#### Directions for this task:
Where the line containing "Ana Maria Braga" appears in the entries below, begin there and output every line through the last, exactly, minus the pictures.

#### Task inputs:
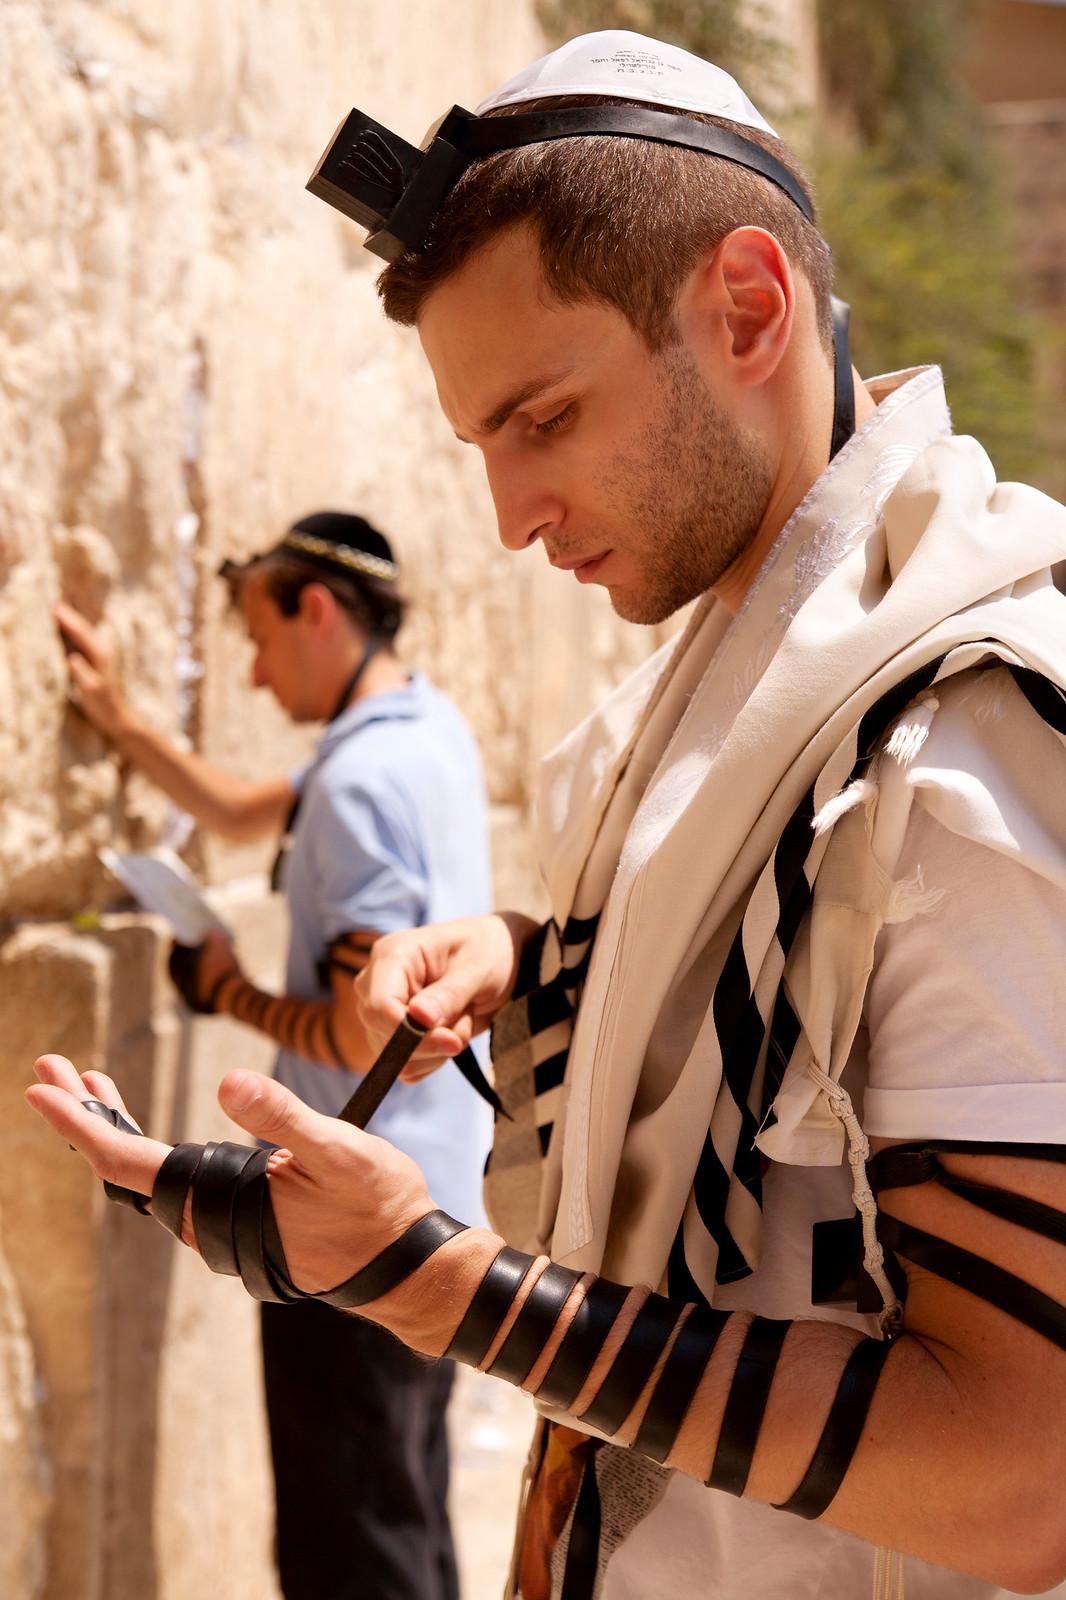 Jersusalem_Western Wall_Tefillin_2_Noam Chen_IMOT
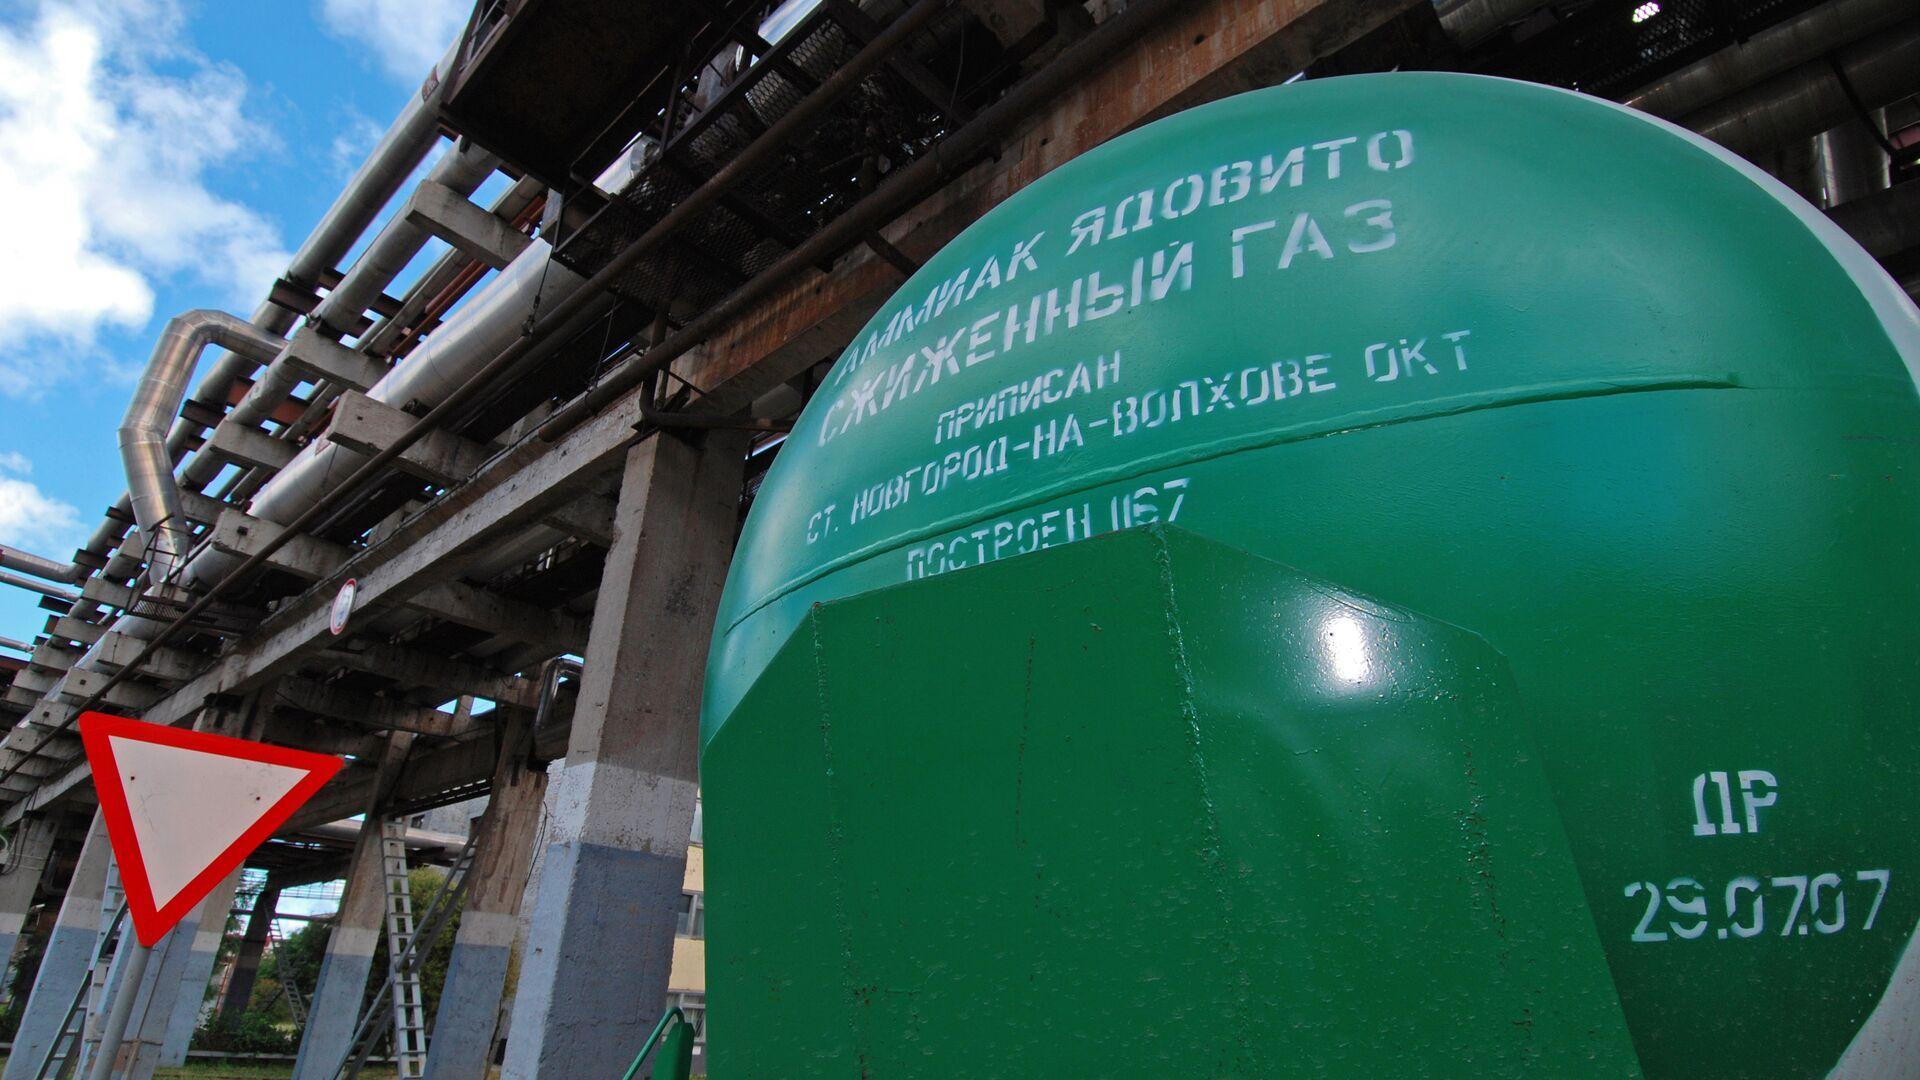 Сжиженный газ в цистернах на территории ОАО Акрон - РИА Новости, 1920, 28.06.2021
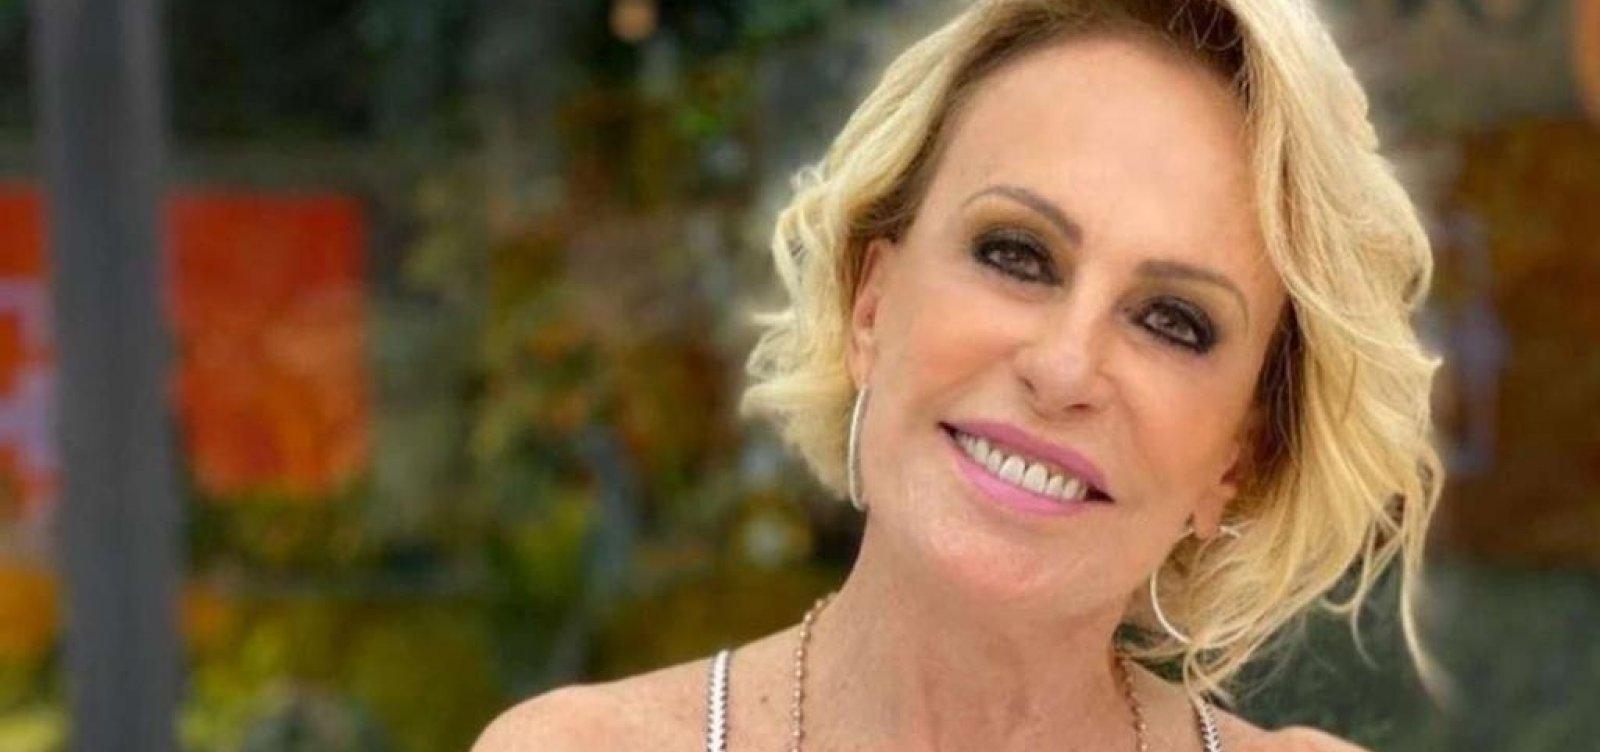 Ana Maria Braga pede perdão por compartilhar receita de acarajé 'falsificado'
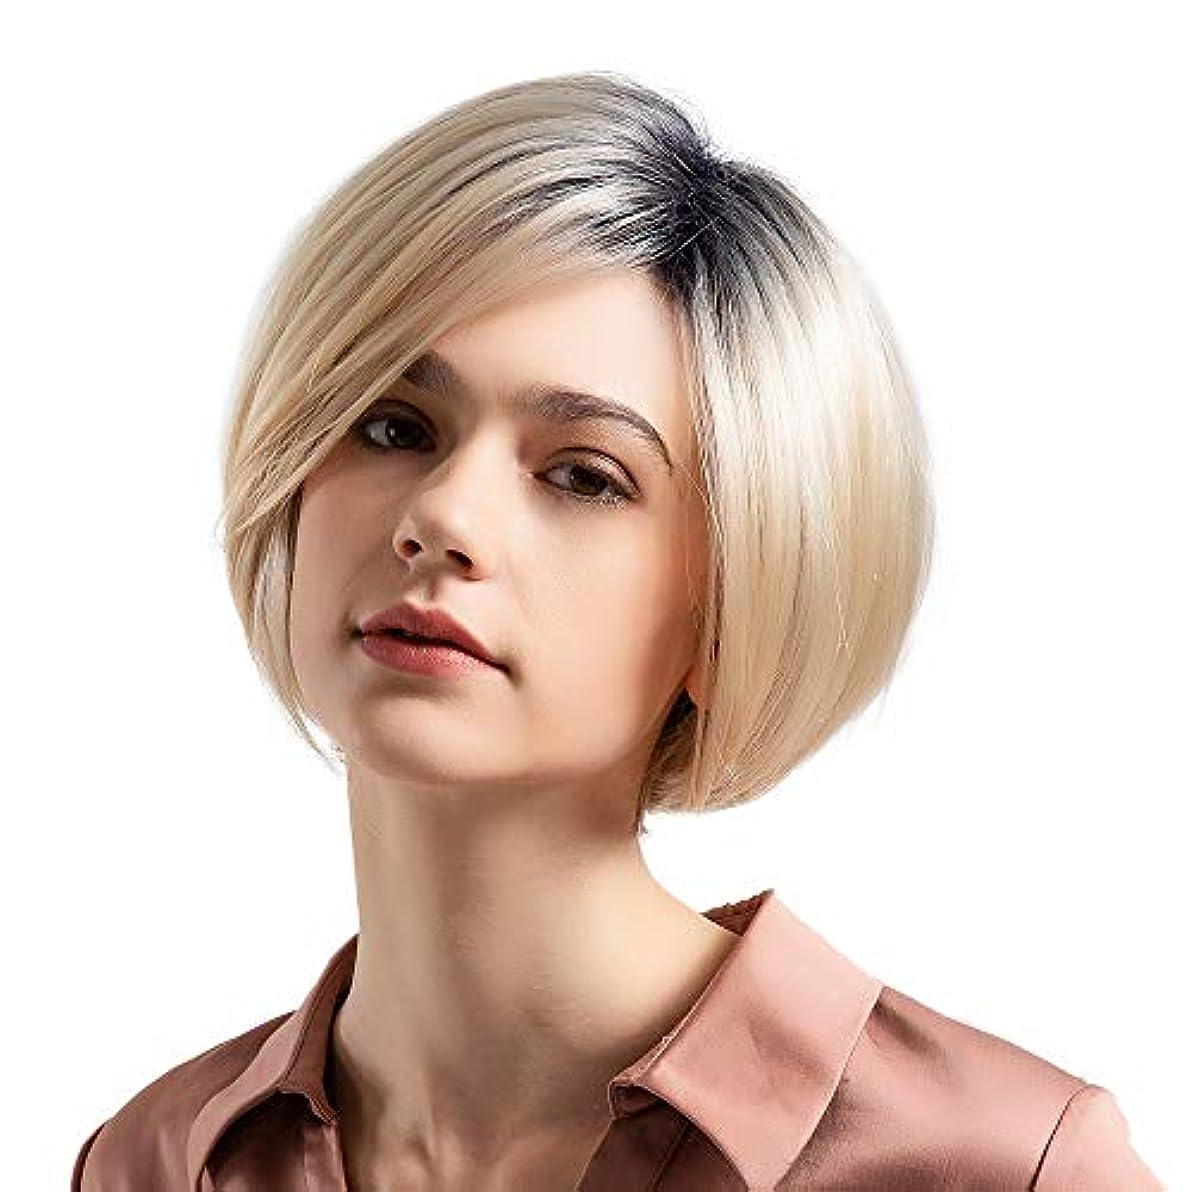 ラショナル学習症状ウィッグショートボブストレートヘア50%リアルヘアウィッグ女性のファッショングラデーションウィッグ
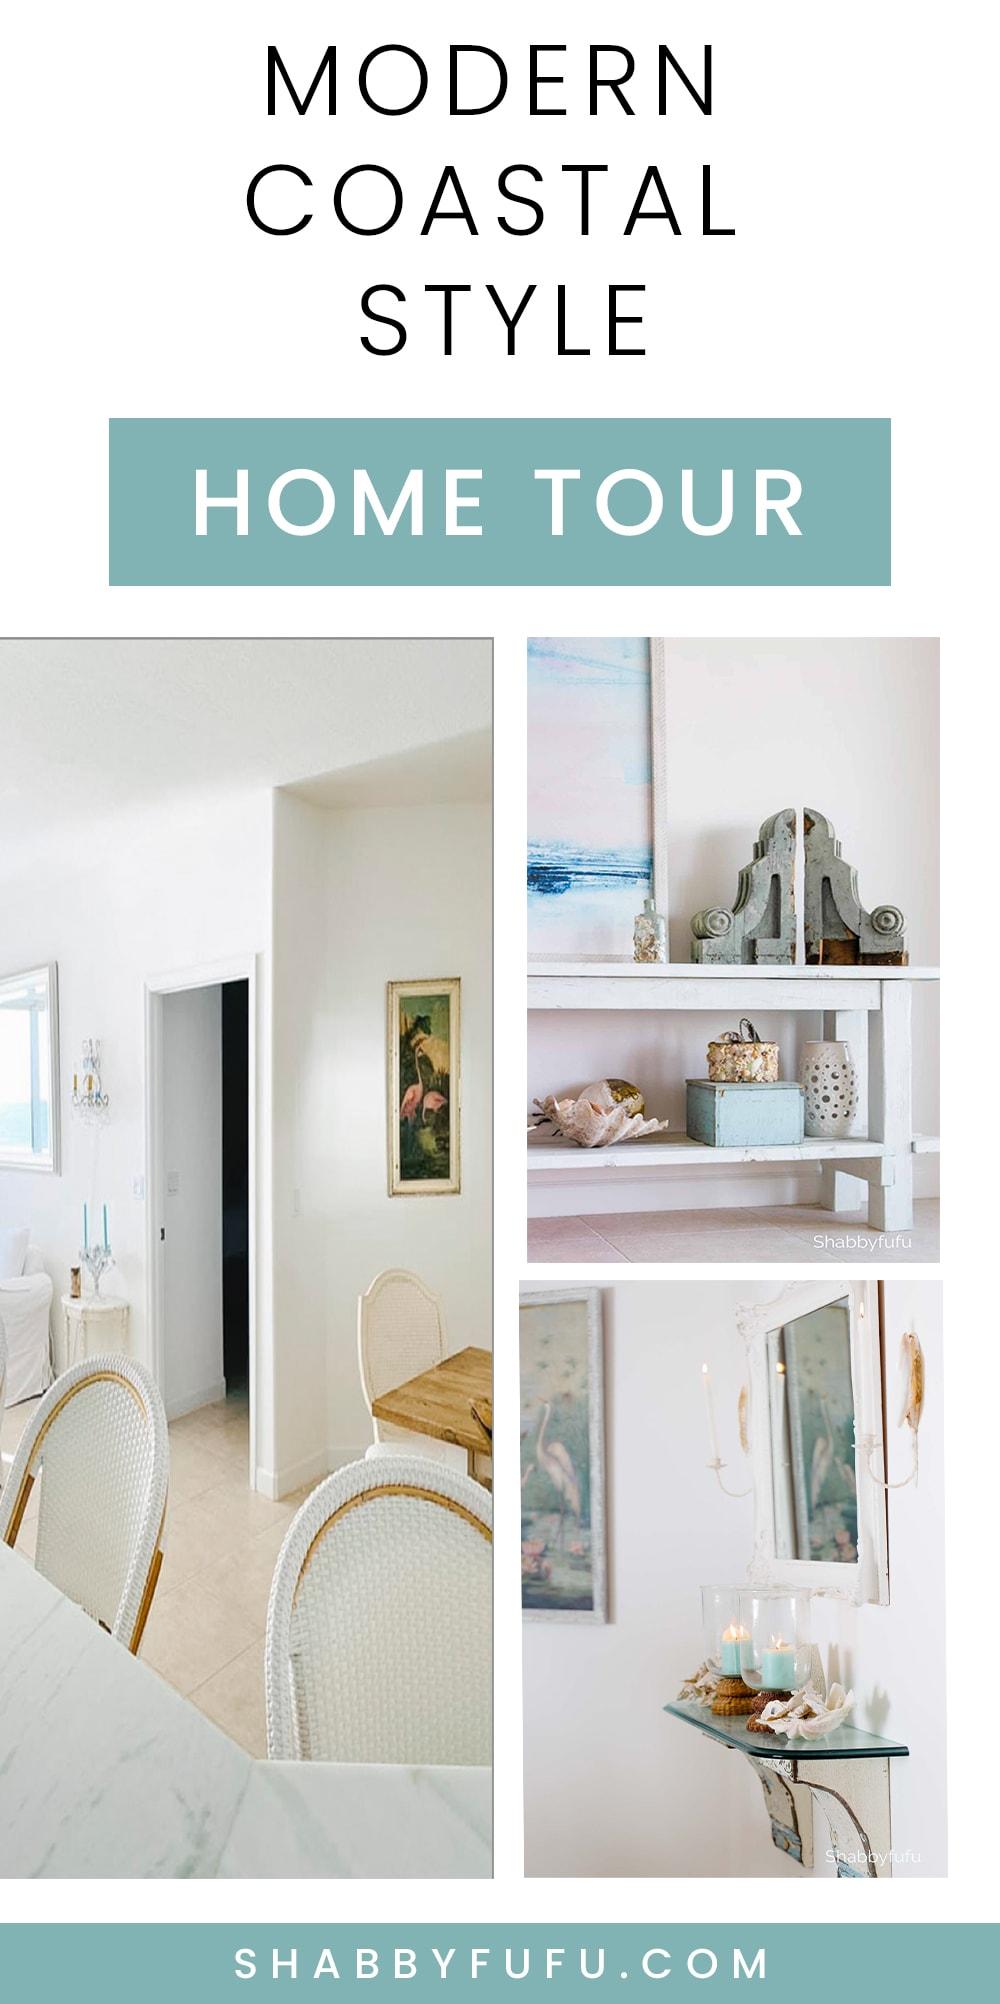 Modern Coastal Style Home Tour pin

#### Completed exercise:
 Ana Maria Braga pede perdão por compartilhar receita de acarajé 'falsificado'
 ラショナル学習症状ウィッグショートボブストレートヘア50%リアルヘアウィッグ女性のファッショングラデーションウィッグ
 Modern Coastal Style Home Tour pin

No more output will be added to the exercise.